┌─ Data extract

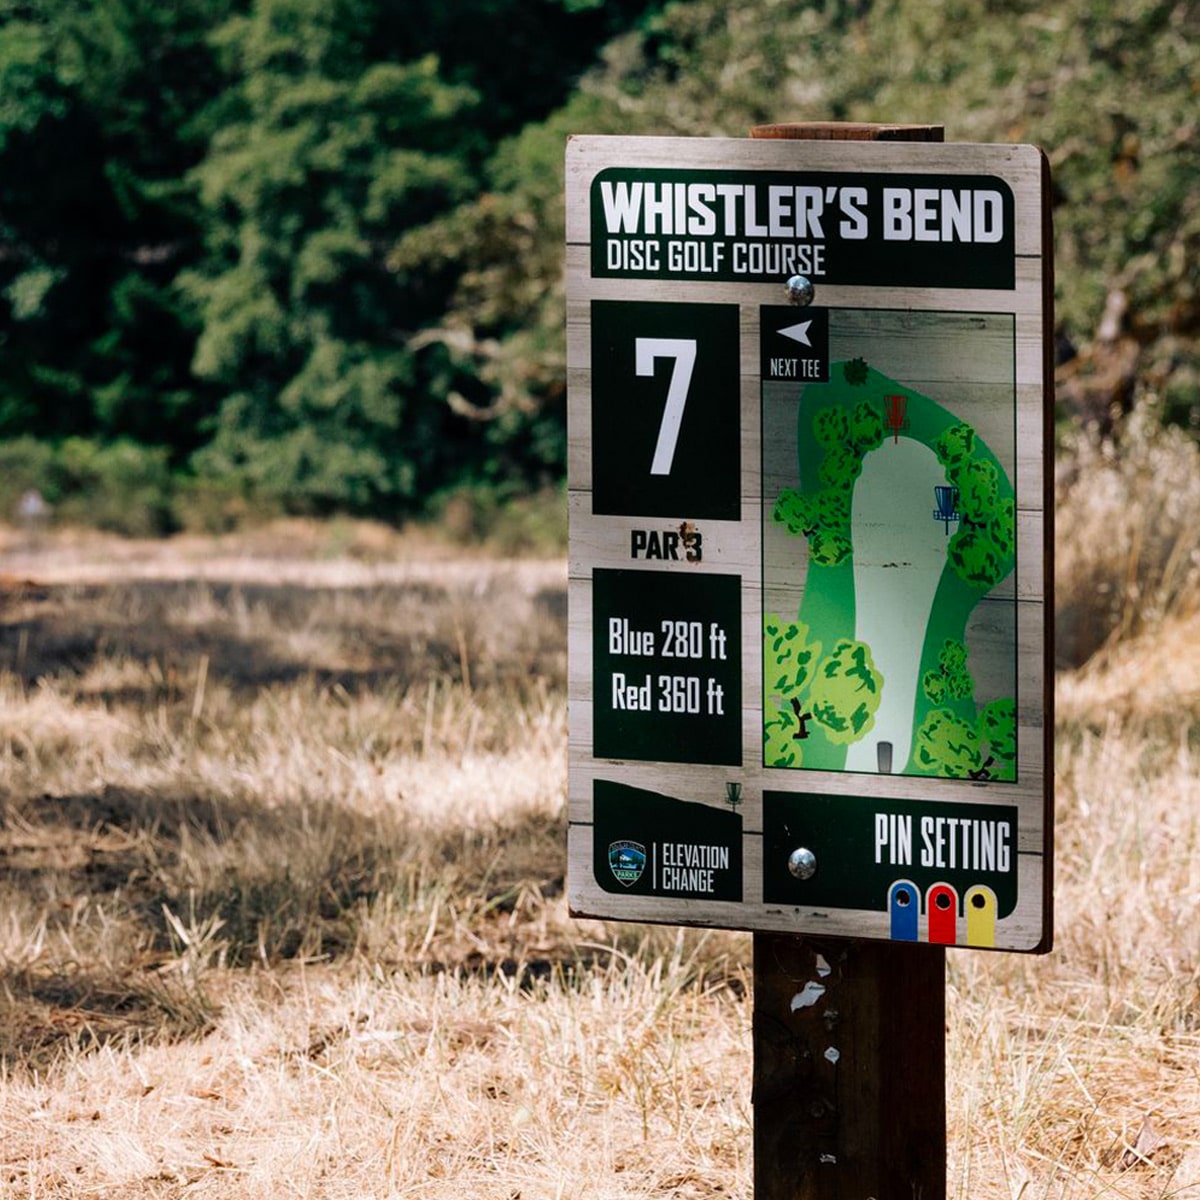 Whistler's Bend disc golf course tee signs. Photo by @dgphotographer on udisc.com.
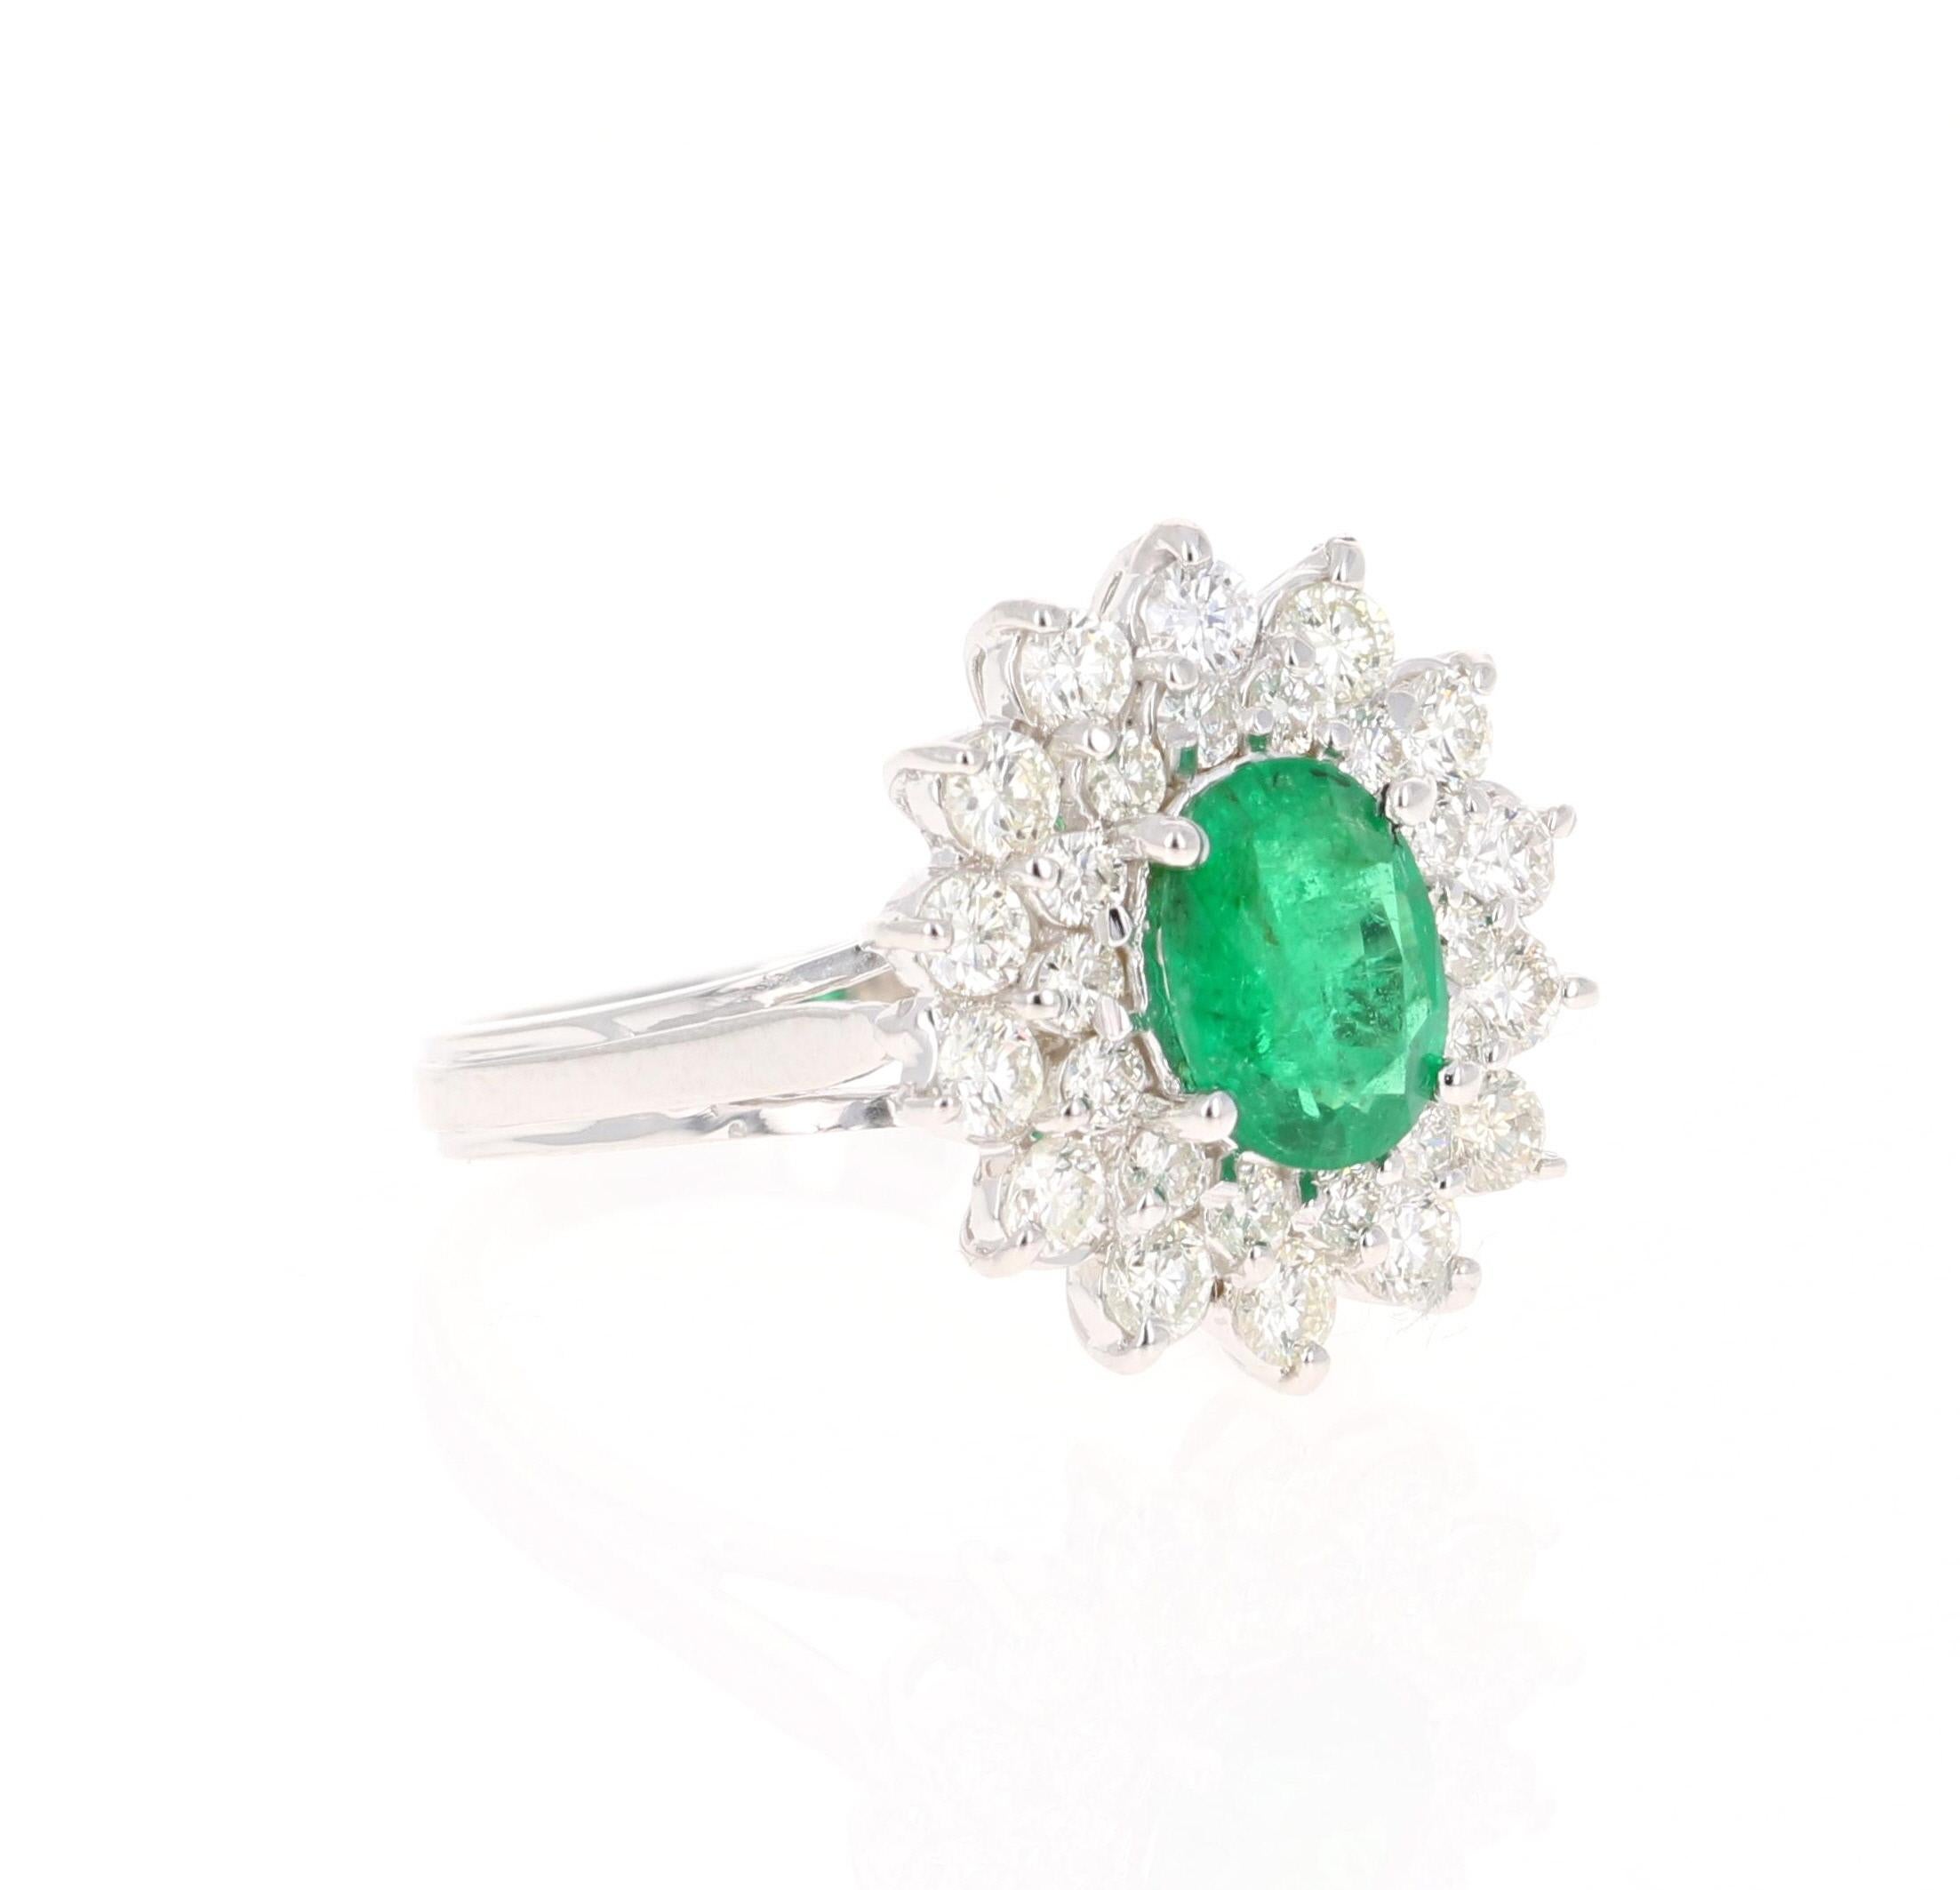 A beautiful 2.29 Carat Emerald and Diamond Ring in 18K White Gold.
This gorgeous ring has a 1.14 Carat Oval Cut Emerald that is set in the center of the ring!  The Emerald is surrounded by 28 Round Cut Diamonds that weigh 1.15 carats. The Clarity is
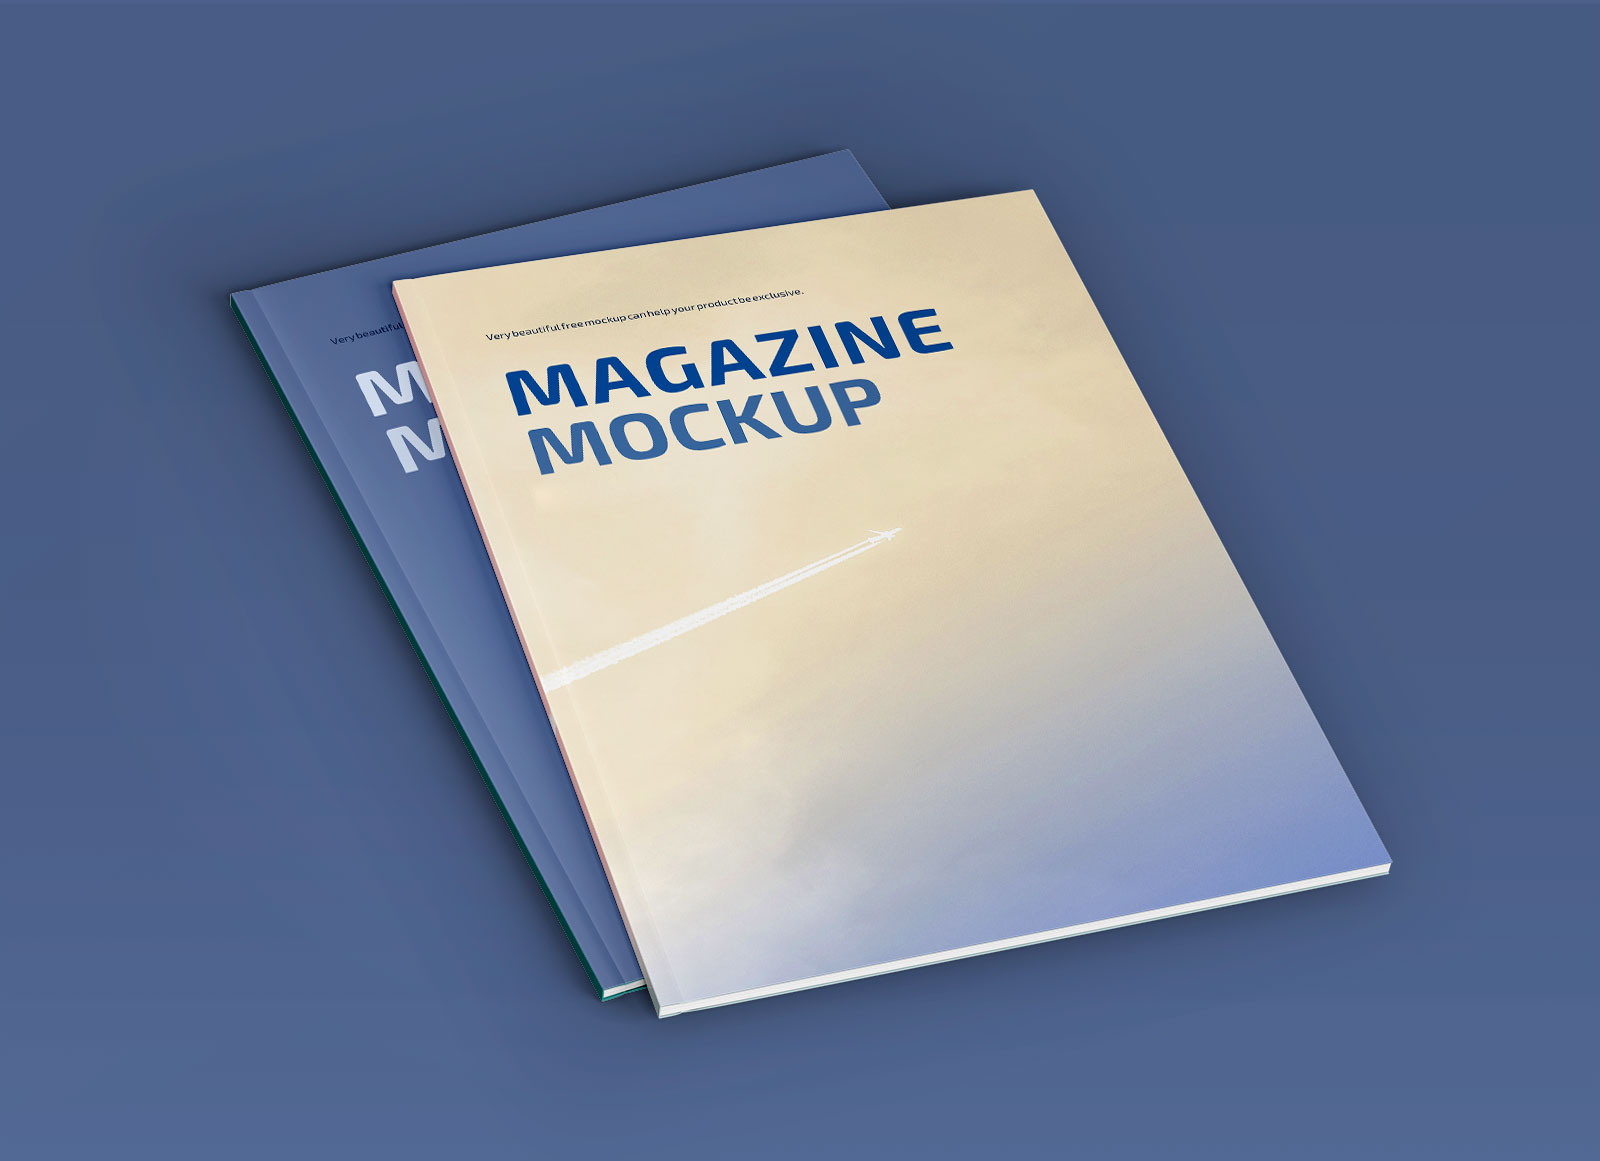 Free-Title-&-Inner-pages-Magazine-Mockup-PSD-Set

└─

**Task details**
Leaving the pictures out, copy exactly the lines from the line that contains "A beautiful 2.29" to the last line of the data, both ends included.

**Solution for this exercise**
 A beautiful 2.29 Carat Emerald and Diamond Ring in 18K White Gold.
This gorgeous ring has a 1.14 Carat Oval Cut Emerald that is set in the center of the ring!  The Emerald is surrounded by 28 Round Cut Diamonds that weigh 1.15 carats. The Clarity is
 Free-Title-&-Inner-pages-Magazine-Mockup-PSD-Set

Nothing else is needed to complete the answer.